§ **EXERCISE INSTRUCTIONS**:
Output the lines below from the one containing "Guitar Adjustable Strap Leather Sling Bag" through the end of the listing, inclusive, exactly as they appear, and nothing further.

——————————

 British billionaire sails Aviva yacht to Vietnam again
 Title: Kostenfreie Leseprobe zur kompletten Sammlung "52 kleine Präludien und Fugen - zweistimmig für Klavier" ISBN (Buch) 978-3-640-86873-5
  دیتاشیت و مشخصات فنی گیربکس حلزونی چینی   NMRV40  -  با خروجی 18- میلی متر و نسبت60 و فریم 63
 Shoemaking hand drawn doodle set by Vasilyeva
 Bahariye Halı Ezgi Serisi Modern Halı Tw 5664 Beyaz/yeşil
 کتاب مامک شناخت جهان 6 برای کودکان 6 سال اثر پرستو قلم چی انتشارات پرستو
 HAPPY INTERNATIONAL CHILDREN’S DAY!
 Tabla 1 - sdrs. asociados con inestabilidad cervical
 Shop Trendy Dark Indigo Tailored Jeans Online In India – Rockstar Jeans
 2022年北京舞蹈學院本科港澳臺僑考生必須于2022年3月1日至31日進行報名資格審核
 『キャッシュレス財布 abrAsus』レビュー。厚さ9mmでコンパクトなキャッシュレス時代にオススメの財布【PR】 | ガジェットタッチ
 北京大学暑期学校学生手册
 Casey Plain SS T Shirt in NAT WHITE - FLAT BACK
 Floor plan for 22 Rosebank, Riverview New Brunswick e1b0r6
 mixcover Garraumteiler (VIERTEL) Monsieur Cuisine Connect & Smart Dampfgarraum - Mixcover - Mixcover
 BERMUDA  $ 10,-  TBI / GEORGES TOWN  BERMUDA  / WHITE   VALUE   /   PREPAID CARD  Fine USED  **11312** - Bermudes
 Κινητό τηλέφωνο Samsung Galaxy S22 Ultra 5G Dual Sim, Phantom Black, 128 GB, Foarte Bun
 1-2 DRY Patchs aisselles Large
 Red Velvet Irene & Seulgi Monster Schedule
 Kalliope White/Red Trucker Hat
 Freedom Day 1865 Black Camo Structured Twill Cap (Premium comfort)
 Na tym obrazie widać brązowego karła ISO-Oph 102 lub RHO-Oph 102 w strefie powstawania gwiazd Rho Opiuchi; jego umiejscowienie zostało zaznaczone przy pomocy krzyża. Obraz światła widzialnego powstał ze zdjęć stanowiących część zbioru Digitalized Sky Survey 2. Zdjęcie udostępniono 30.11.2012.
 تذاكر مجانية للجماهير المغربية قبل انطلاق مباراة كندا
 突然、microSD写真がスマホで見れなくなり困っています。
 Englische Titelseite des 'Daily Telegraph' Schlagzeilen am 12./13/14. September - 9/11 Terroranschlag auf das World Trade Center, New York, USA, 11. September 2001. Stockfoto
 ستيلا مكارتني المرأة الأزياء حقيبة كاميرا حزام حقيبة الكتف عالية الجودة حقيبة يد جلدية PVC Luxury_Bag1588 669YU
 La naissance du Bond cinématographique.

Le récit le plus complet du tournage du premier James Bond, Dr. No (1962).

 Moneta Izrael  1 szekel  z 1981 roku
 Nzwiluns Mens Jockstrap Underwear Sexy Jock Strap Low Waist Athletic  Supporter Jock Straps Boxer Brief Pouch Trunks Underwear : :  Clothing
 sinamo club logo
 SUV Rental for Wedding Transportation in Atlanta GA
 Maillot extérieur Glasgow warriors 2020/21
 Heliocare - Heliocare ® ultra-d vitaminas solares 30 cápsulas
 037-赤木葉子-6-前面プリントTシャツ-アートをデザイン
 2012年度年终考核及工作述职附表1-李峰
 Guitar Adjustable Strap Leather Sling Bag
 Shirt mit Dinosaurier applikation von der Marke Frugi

——————————

§ **ANSWER SECTION**:
 Guitar Adjustable Strap Leather Sling Bag
 Shirt mit Dinosaurier applikation von der Marke Frugi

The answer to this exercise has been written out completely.